Exercise details.
Please print the entries below exactly, from the line with "iBodhi Nepal Collection Image" through the line with "A N T H 0 L", including both of those lines and leaving out all others.

Source information.
***
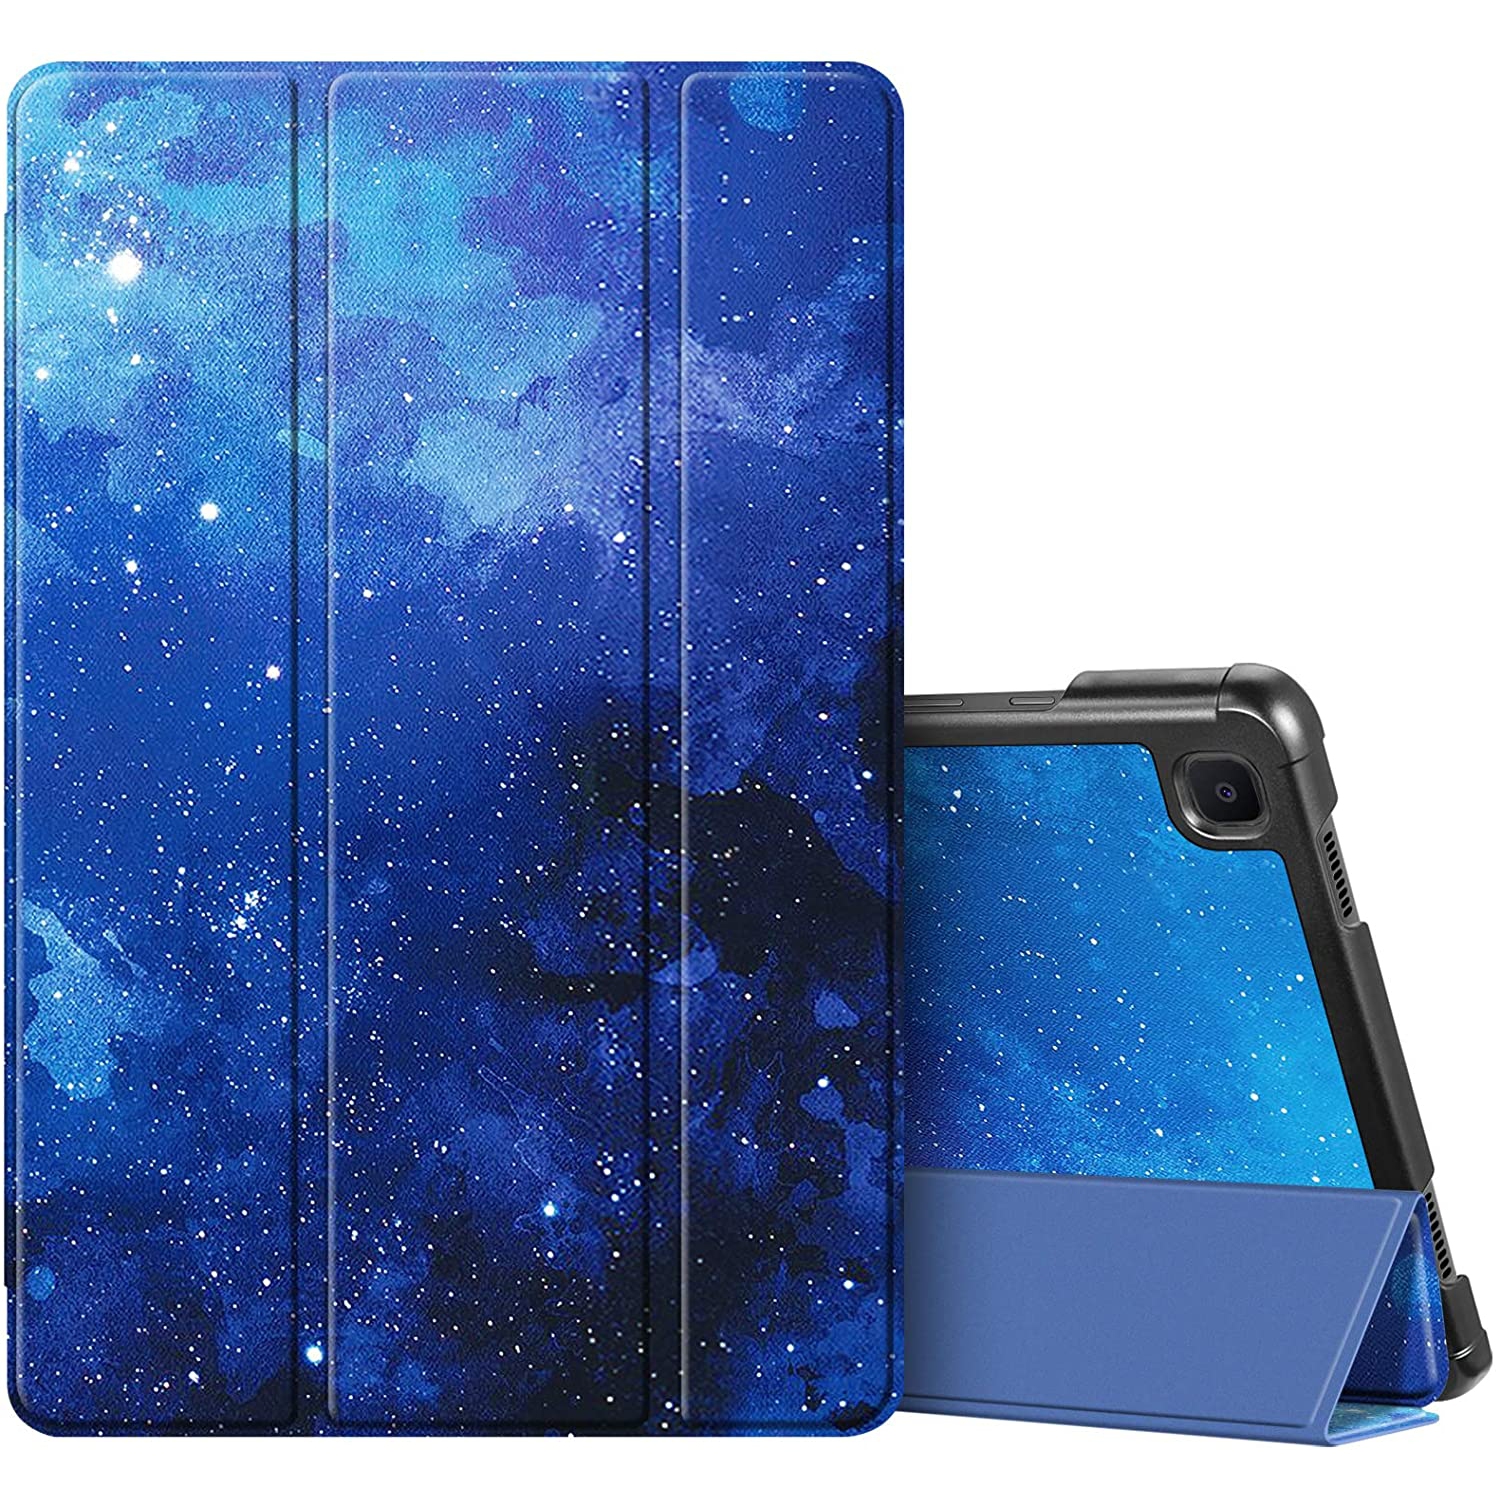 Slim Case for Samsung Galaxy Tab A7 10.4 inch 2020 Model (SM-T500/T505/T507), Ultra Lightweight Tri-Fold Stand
***
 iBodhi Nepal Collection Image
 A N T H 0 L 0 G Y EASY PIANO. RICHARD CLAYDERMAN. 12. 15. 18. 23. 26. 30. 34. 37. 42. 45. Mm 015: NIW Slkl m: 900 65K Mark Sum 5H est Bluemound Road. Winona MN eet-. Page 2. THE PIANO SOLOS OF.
***
Response area.
 iBodhi Nepal Collection Image
 A N T H 0 L 0 G Y EASY PIANO. RICHARD CLAYDERMAN. 12. 15. 18. 23. 26. 30. 34. 37. 42. 45. Mm 015: NIW Slkl m: 900 65K Mark Sum 5H est Bluemound Road. Winona MN eet-. Page 2. THE PIANO SOLOS OF.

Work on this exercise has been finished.